▶ [Data extracts]
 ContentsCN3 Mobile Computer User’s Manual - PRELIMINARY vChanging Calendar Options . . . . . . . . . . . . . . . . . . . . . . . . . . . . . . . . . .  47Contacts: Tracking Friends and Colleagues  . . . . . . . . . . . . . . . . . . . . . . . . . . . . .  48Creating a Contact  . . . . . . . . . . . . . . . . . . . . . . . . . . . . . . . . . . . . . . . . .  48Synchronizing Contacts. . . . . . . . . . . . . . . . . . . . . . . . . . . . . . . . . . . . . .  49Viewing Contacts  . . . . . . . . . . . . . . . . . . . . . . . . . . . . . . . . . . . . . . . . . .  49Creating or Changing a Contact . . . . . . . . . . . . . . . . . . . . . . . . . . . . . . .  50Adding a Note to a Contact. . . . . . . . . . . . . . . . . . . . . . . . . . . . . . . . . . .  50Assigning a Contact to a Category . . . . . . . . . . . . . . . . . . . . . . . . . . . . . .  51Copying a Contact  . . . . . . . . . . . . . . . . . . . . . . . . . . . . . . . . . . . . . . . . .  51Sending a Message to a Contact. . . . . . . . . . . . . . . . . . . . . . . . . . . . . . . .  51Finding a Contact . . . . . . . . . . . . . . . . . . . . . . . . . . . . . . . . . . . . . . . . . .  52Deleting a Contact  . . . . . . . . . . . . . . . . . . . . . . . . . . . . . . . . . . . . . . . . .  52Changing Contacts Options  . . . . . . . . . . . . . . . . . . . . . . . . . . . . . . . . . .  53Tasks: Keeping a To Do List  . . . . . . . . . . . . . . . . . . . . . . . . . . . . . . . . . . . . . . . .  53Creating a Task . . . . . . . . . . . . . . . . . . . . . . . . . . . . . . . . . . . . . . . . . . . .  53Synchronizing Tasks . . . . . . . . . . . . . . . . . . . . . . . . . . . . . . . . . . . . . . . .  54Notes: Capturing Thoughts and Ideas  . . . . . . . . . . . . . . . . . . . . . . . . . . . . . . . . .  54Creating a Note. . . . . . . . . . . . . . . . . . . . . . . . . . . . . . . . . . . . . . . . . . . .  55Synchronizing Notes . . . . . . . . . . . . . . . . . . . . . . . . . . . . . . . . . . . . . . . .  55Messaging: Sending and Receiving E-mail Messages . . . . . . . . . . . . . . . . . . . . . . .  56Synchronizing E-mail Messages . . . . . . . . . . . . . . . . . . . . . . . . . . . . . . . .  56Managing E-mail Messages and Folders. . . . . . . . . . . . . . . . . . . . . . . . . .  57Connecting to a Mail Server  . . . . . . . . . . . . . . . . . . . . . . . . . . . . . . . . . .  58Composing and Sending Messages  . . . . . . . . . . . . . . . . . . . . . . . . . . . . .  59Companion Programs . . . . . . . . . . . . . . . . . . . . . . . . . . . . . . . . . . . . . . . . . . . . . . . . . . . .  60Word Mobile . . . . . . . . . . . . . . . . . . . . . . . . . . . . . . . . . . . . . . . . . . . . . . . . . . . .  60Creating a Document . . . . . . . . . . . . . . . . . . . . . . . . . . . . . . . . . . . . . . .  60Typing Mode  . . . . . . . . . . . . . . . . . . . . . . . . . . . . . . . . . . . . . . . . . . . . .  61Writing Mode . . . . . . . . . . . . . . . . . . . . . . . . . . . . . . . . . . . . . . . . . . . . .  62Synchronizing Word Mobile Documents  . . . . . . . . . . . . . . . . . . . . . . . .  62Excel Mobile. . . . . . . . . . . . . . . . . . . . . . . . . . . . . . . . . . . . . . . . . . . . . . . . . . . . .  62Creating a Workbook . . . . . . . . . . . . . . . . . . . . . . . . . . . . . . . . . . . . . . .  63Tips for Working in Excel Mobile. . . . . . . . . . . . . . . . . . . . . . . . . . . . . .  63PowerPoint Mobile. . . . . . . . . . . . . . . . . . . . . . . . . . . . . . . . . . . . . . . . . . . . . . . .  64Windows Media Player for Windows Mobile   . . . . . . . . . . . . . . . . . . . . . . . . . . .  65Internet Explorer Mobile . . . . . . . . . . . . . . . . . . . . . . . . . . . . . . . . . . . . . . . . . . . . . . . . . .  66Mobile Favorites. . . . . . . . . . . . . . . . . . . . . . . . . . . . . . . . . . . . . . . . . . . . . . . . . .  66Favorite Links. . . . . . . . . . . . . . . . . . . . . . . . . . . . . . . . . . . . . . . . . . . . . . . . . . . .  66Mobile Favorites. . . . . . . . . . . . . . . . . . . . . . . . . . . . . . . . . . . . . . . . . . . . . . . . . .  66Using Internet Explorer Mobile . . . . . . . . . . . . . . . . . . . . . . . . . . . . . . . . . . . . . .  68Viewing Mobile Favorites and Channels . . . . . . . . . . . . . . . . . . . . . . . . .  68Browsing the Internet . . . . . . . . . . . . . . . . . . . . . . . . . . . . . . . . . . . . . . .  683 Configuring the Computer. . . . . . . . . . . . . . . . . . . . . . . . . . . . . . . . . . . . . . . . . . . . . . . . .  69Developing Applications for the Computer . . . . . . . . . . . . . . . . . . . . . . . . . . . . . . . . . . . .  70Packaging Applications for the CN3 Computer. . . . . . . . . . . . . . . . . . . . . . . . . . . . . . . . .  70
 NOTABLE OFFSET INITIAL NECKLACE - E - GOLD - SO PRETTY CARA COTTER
==
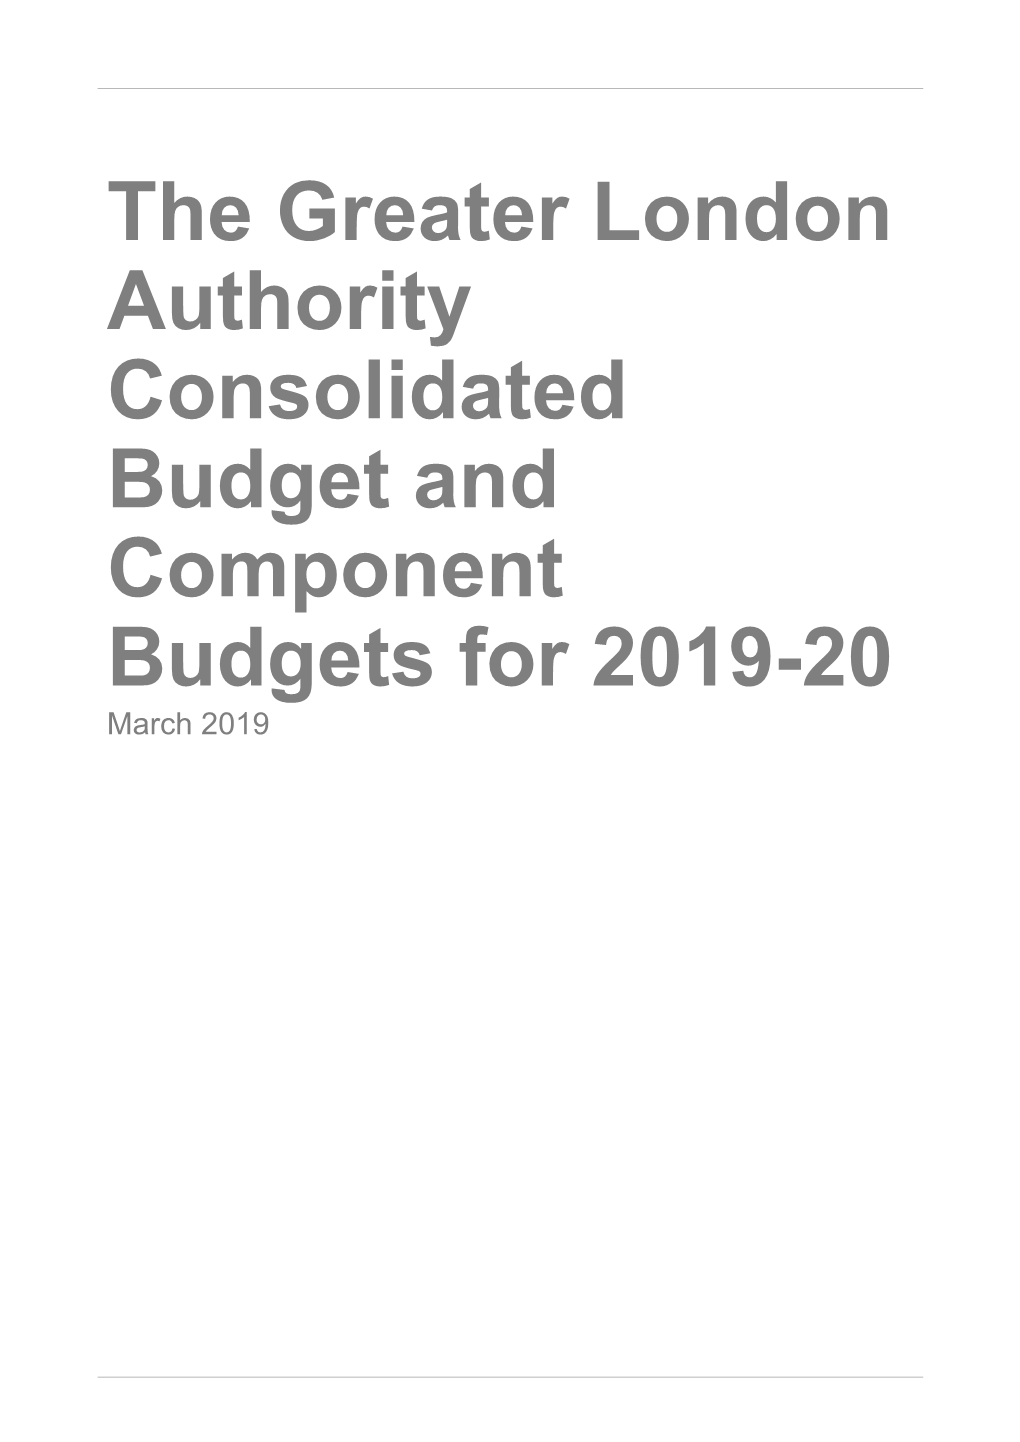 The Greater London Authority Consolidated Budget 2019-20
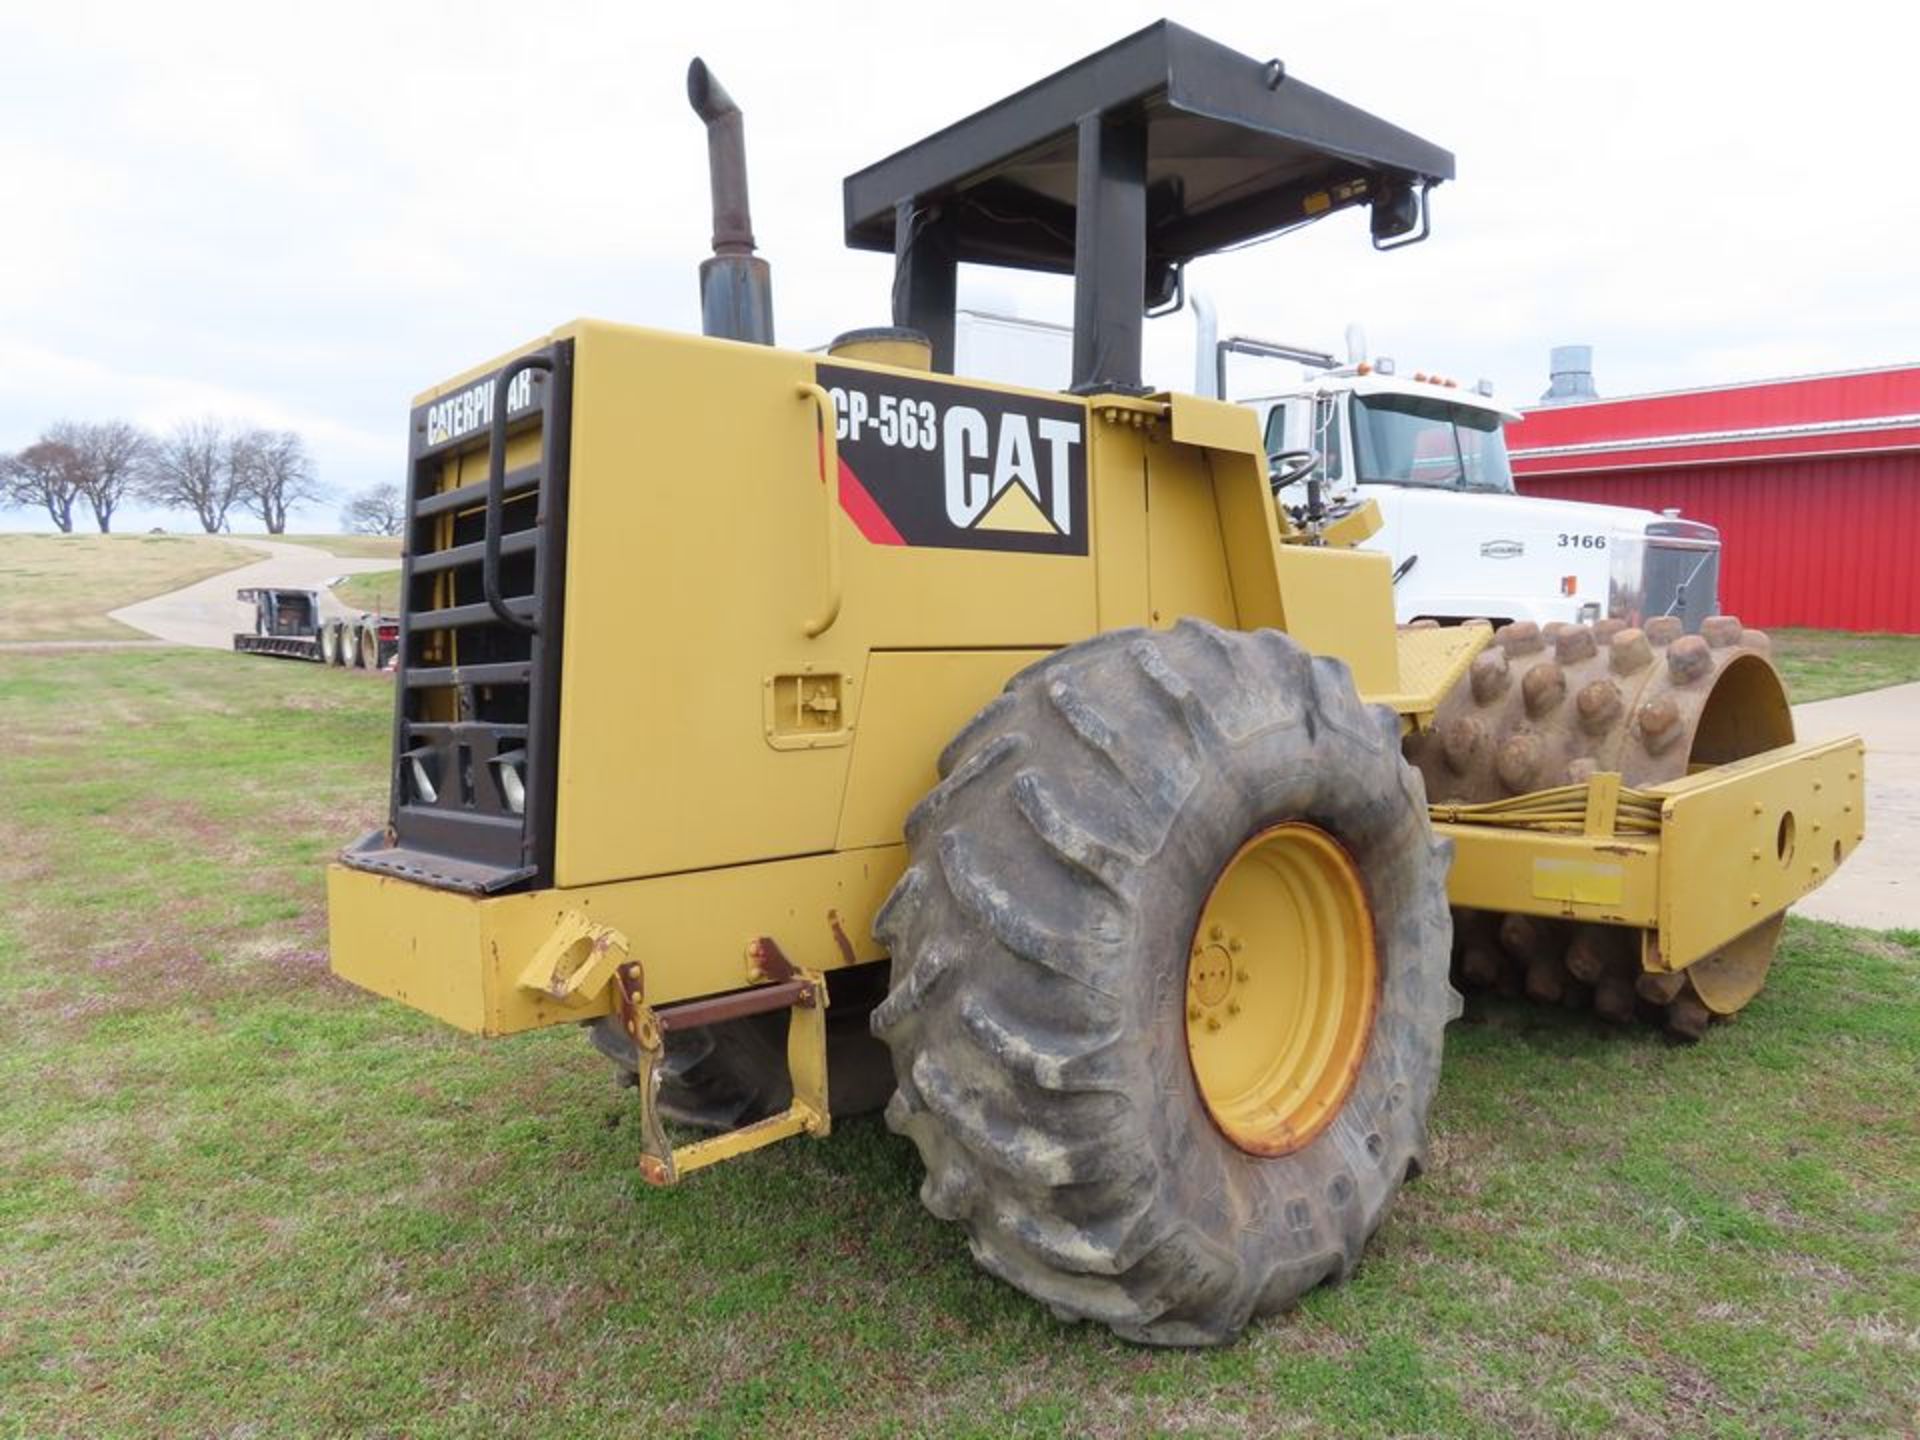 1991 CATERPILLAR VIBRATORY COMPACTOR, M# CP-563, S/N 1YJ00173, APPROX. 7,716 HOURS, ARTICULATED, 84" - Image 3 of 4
---
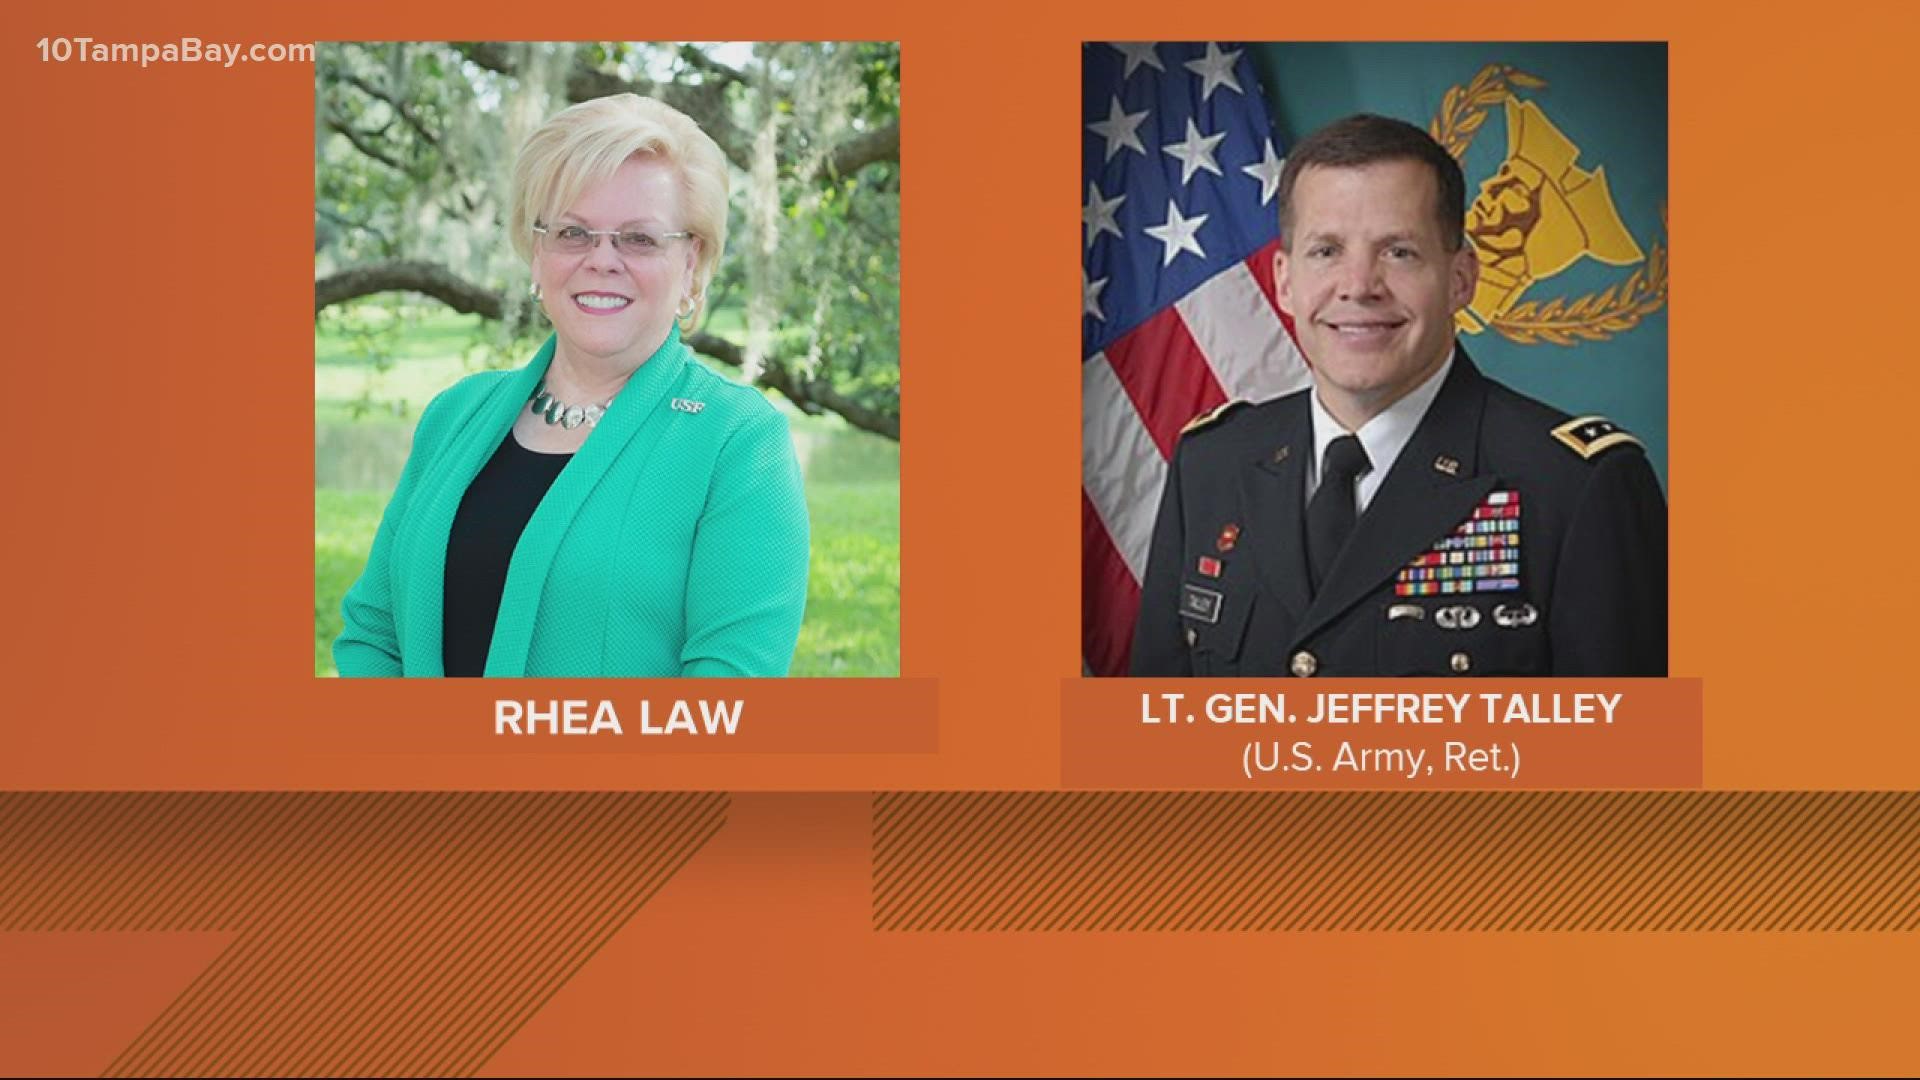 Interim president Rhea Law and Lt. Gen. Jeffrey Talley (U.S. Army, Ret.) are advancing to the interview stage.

▶ [Required action] Transcribe, word for word, the lines of the listing above from the one that contains "The Greater London" through the one that contains "1991 CATERPILLAR VIBRATORY", keeping both ends and dropping the pictures.

▶ [Output]
 The Greater London Authority Consolidated Budget 2019-20
 1991 CATERPILLAR VIBRATORY COMPACTOR, M# CP-563, S/N 1YJ00173, APPROX. 7,716 HOURS, ARTICULATED, 84" - Image 3 of 4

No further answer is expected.